Cobitis arachthosensis
- Conservation status: Endangered (IUCN 3.1)

Scientific classification
- Kingdom: Animalia
- Phylum: Chordata
- Class: Actinopterygii
- Order: Cypriniformes
- Family: Cobitidae
- Genus: Cobitis
- Species: C. arachthosensis
- Binomial name: Cobitis arachthosensis Economidis & Nalbant, 1996

= Cobitis arachthosensis =

- Authority: Economidis & Nalbant, 1996
- Conservation status: EN

Species of fish

Cobitis arachthosensis is a species of ray-finned fish in the true loach family (Cobitidae). It is endemic to Greece.

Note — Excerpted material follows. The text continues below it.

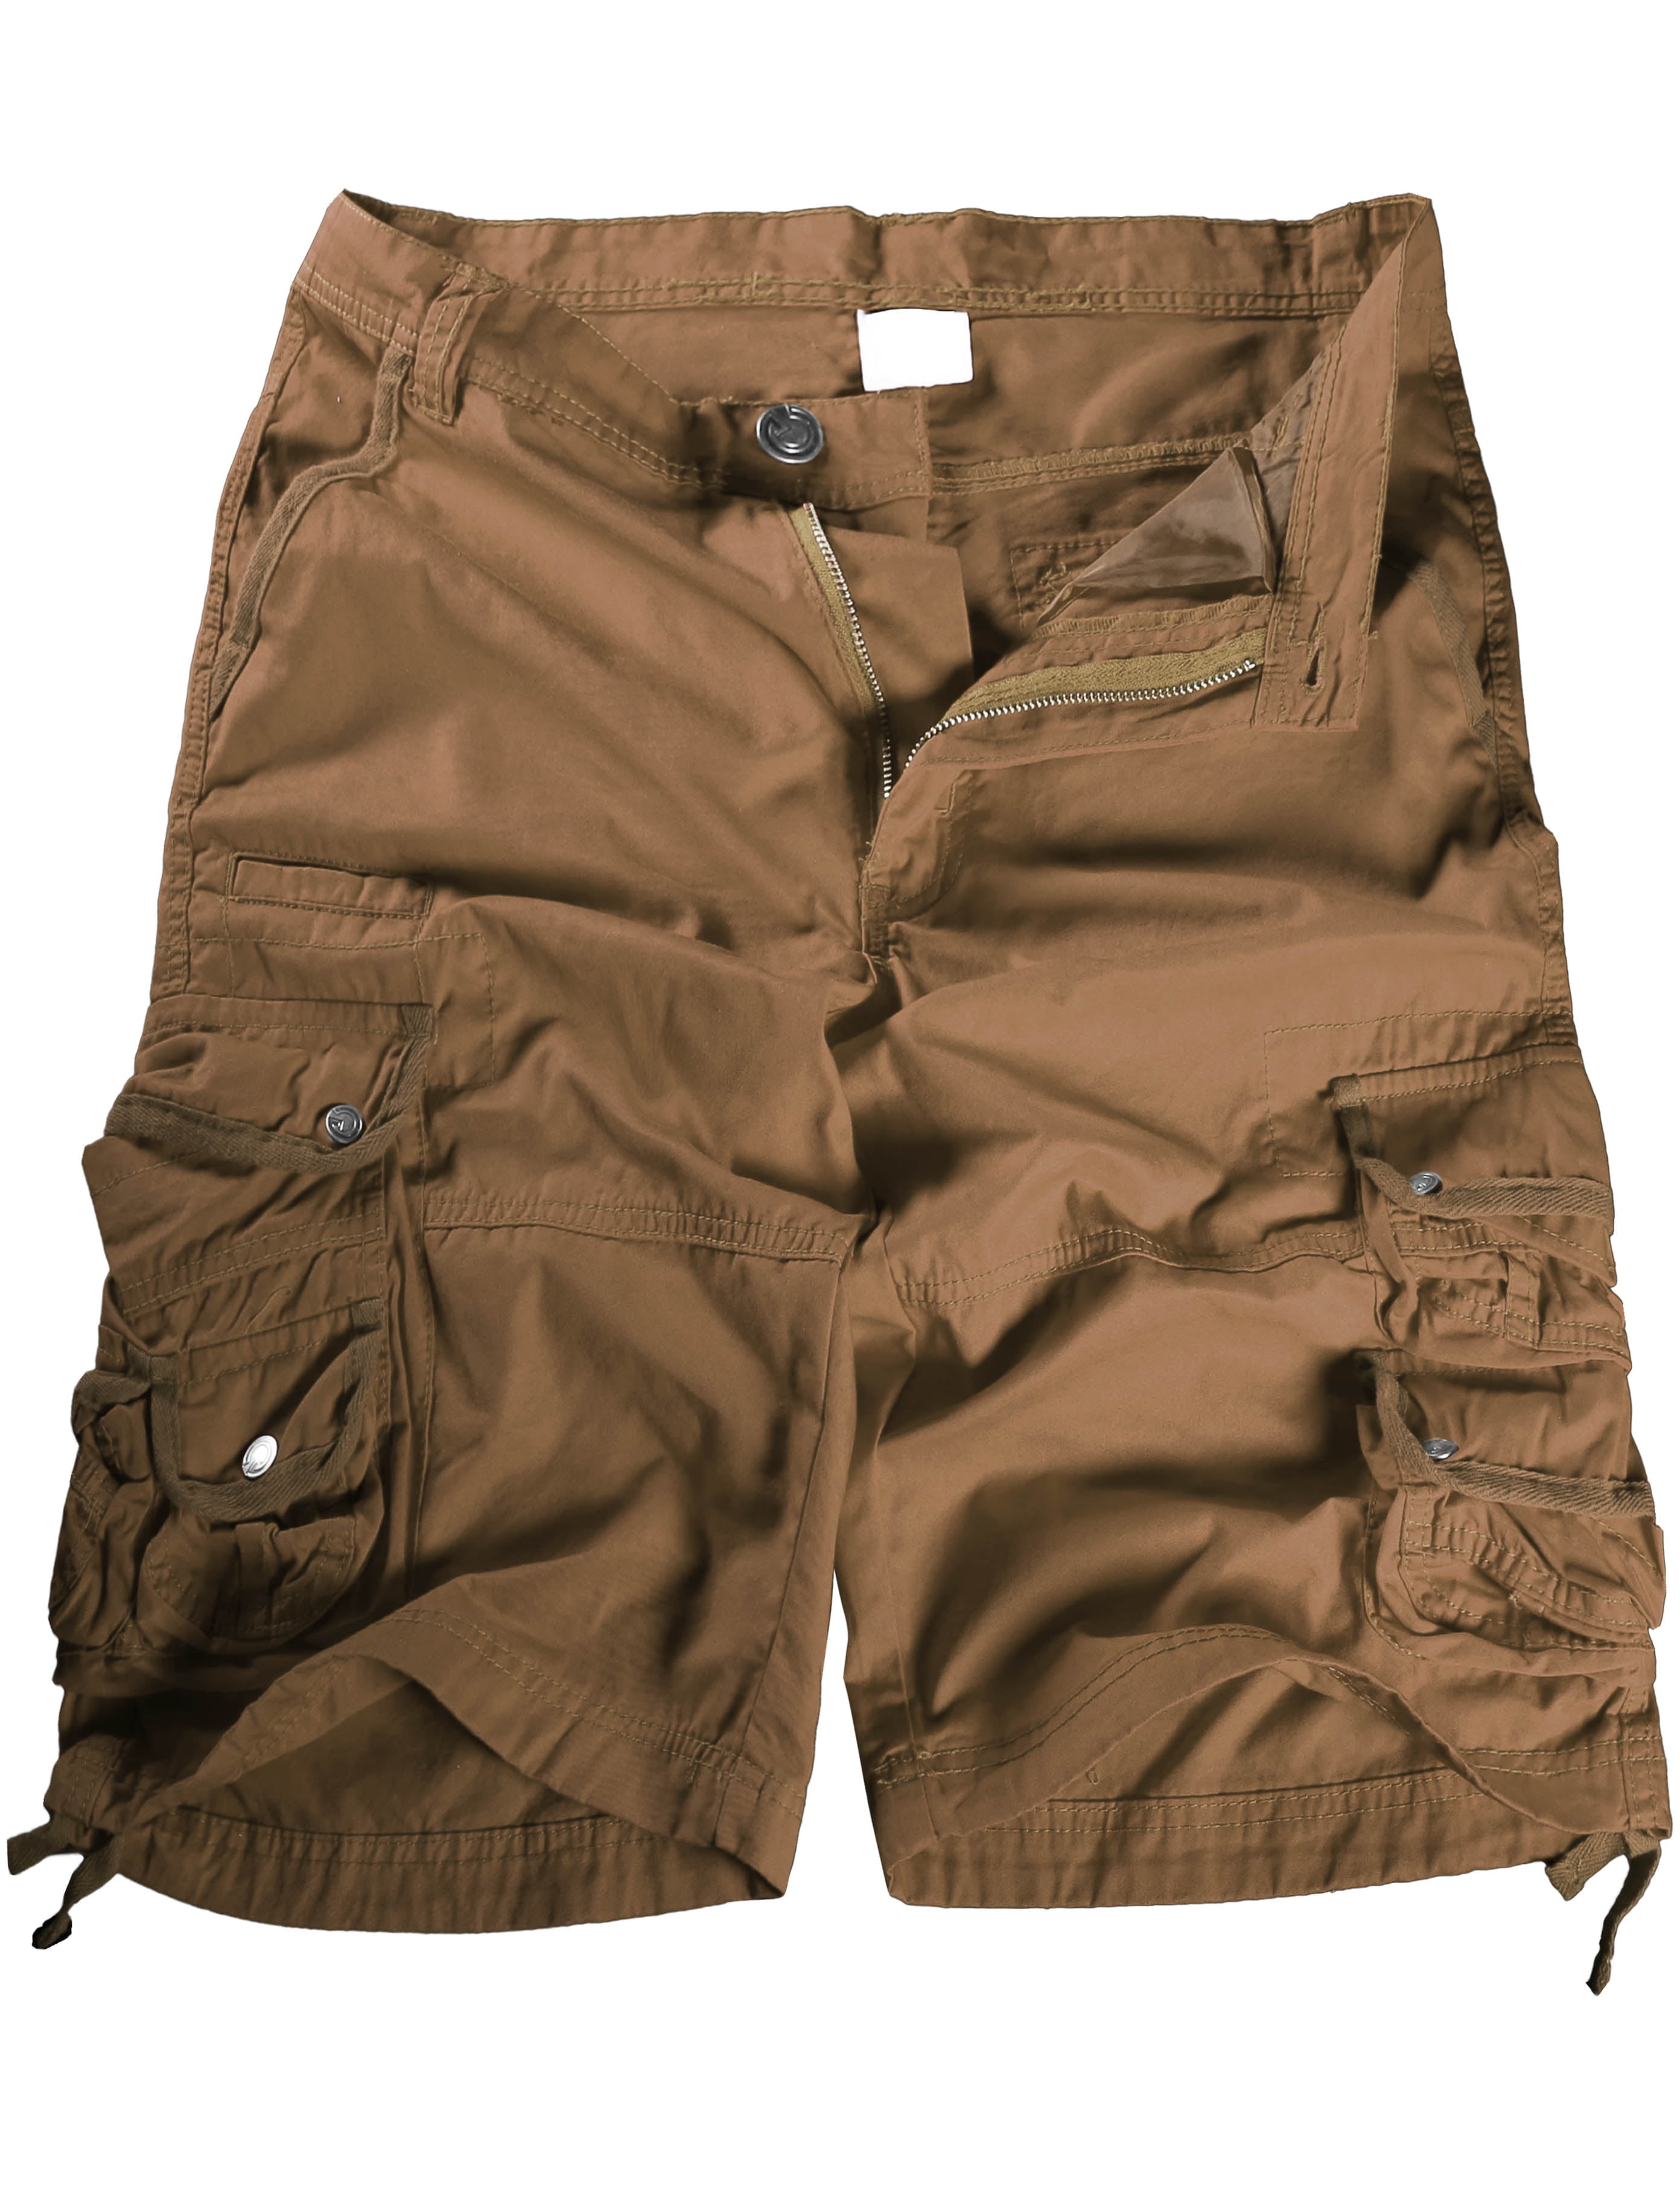 Ma Croix Mens Premium Cargo Shorts with Belt Outdoor Twill Cotton Loose Fit Multi Pocket Pants

It belongs to the subgenus Bicanestrinia, together with C. hellenica, C. meridionalis, and C. trichonica. According to cladistic analysis of DNA sequence data (nDNA RAG-1 and S7 ribosomal protein intron 1, and mtDNA cytochrome b), the first of these is an extremely close relative and the present species might arguably be included in it. C. hellenica occurs in the Louros and Thiamis River basins, parapatric to the range of C. arachthosensis.

Its natural habitats is the Arachthos River basin. It is threatened by habitat loss.